The burial chamber is formed by a group of five large procumbent slabs, with a sixth, a huge capstone, resting on the edge of the group, and sits on a circular platform raised perceptibly above the surrounding field. The capstone which measures, 2.5m in length, 2.4m wide and is 0.3m in thickness, is rather split at the north end, it lies on two slumped side-stones, and another smaller boulder.

To the south are two large earthfast stones, which may in fact be outcrops, and a number of small boulders scattered around the mound which itself is 0.8m in height.

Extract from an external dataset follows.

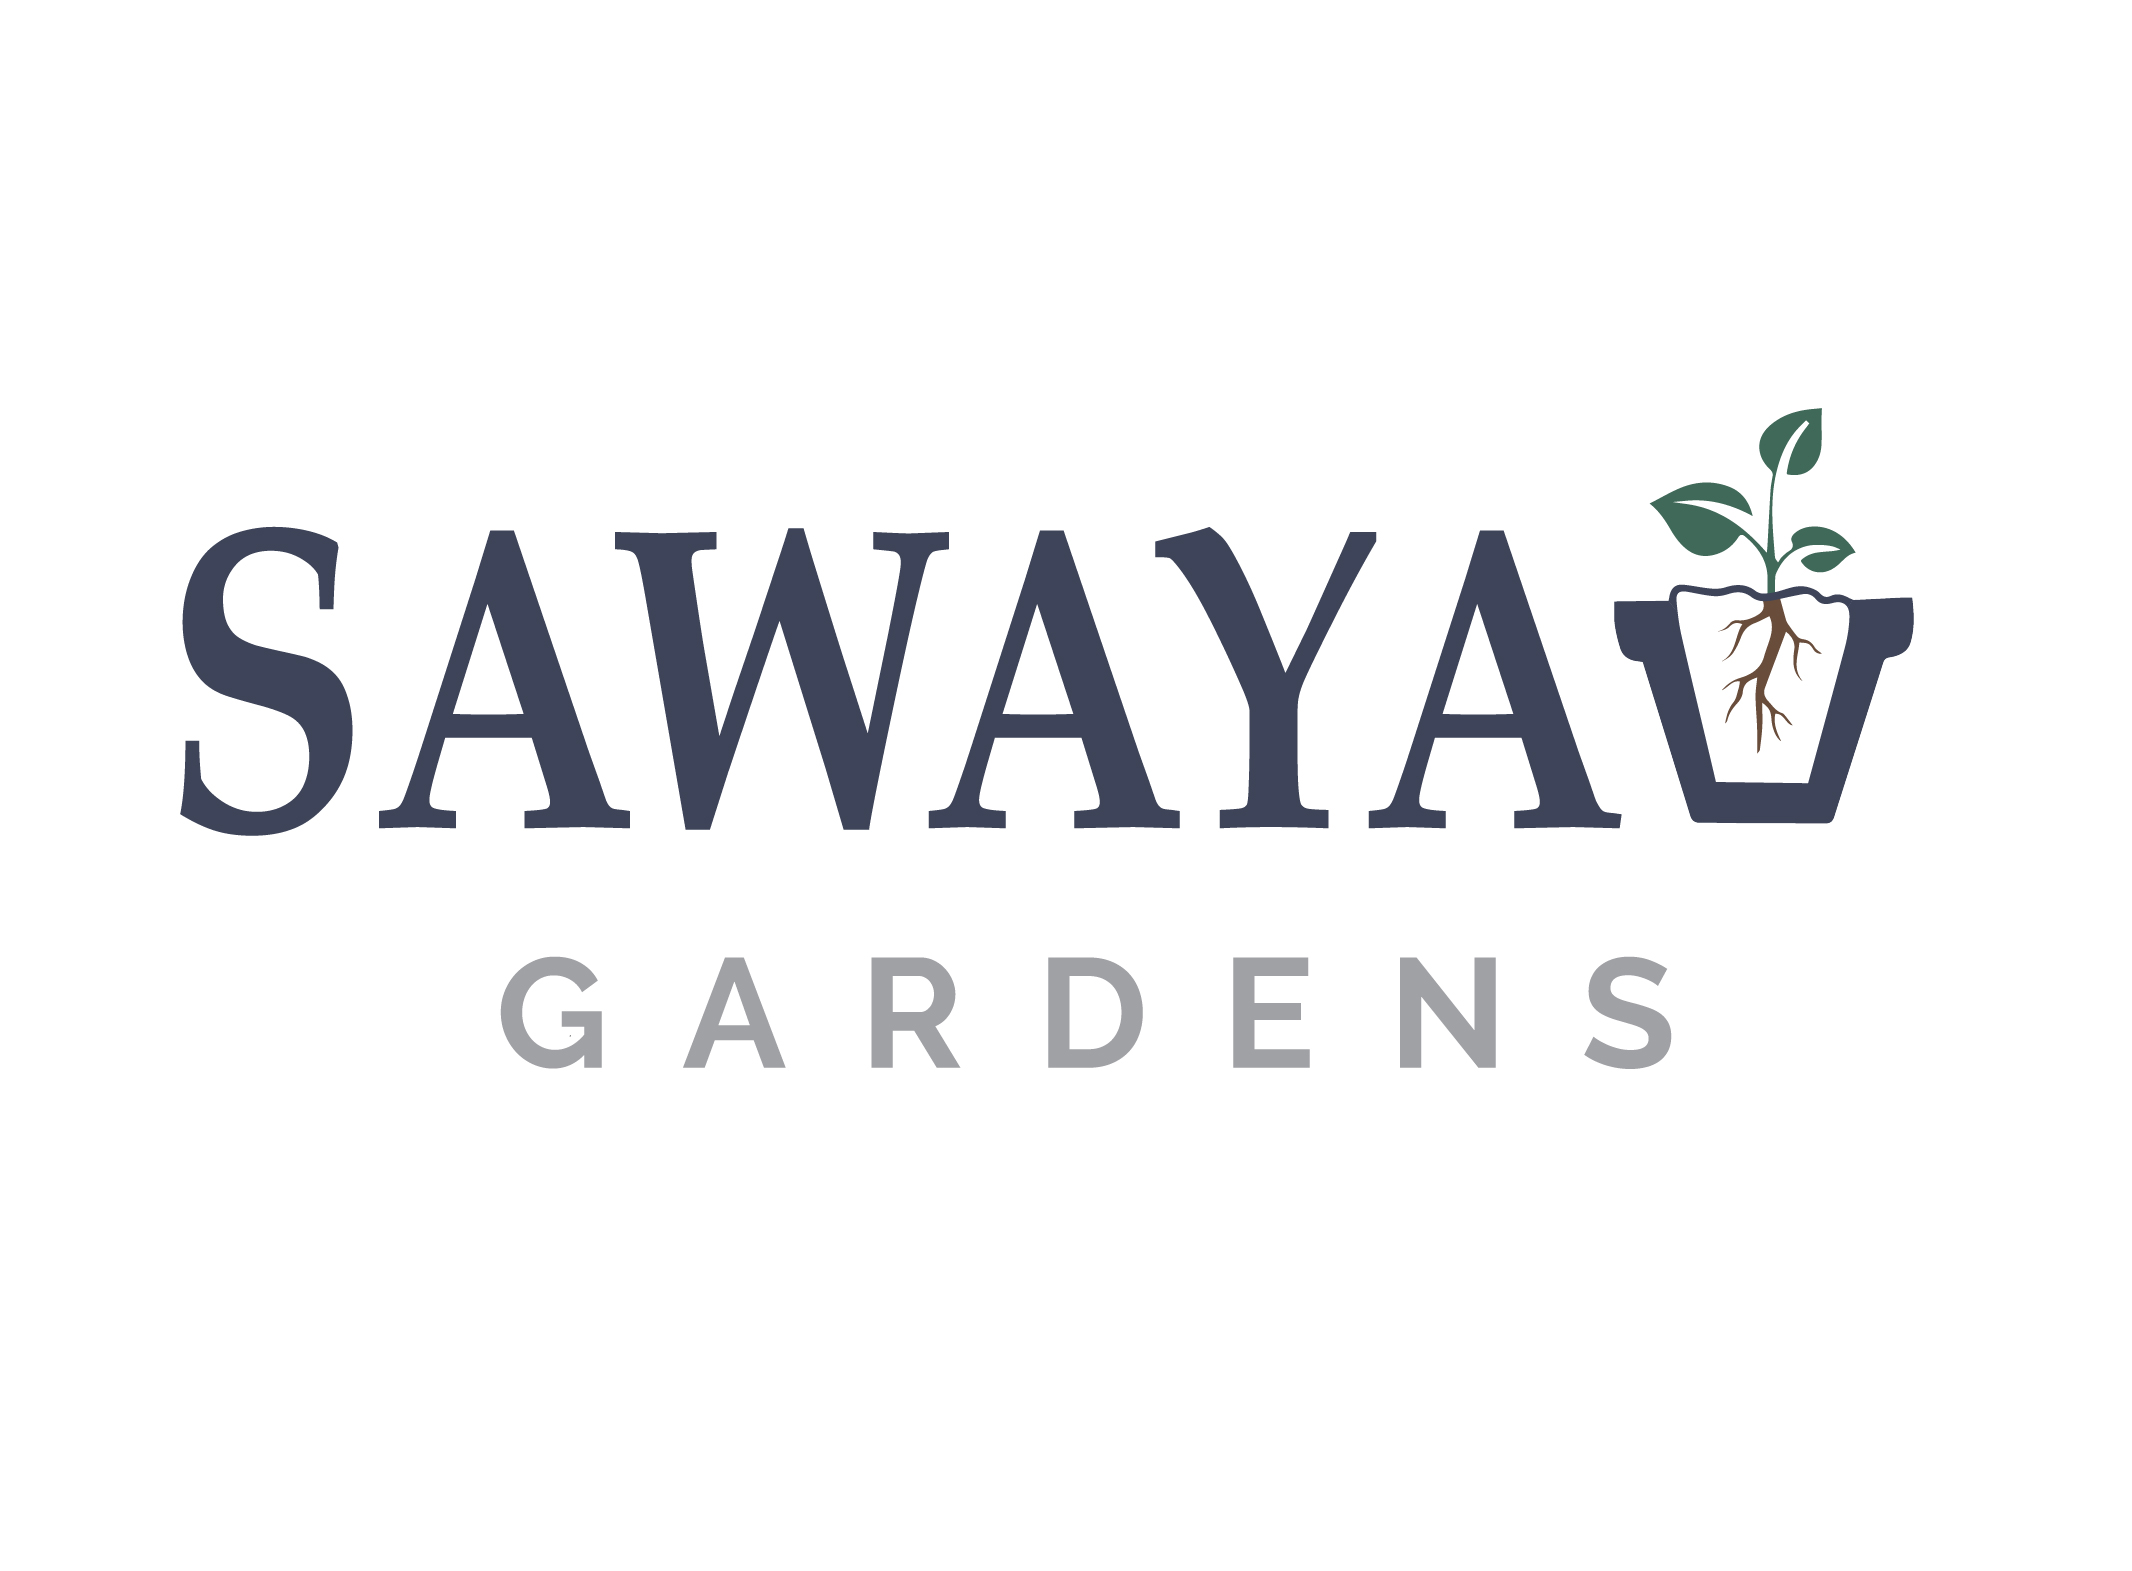 Sawaya Gardens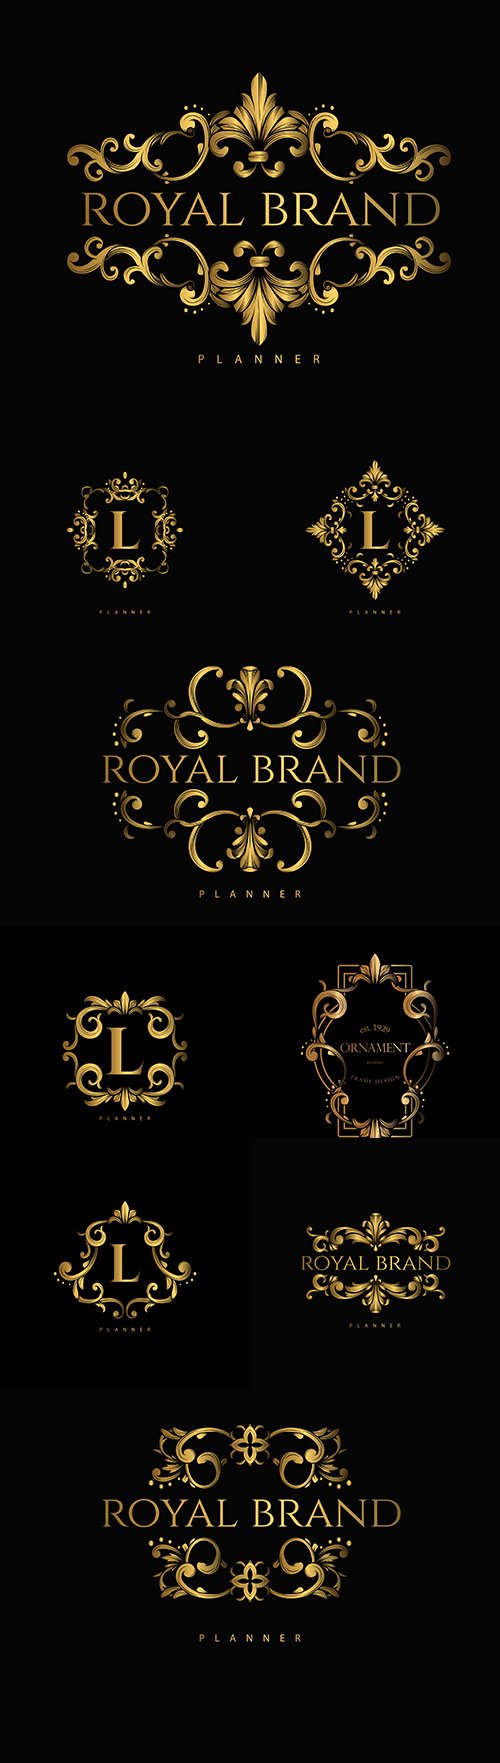 Gold luxury logo design for vintage invitations

The monument is of national importance for its potential to enhance our knowledge of prehistoric burial and ritual. The monument is an important relic of a prehistoric funerary and ritual landscape and retains significant archaeological potential, with a strong probability of the presence of both intact burial or ritual deposits and environmental and structural evidence, including a buried prehistoric land surface. Chambered tombs may be part of a larger cluster of monuments and their importance can further enhanced by their group value.

The scheduled area comprises the remains described and areas around them within which related evidence may be expected to survive.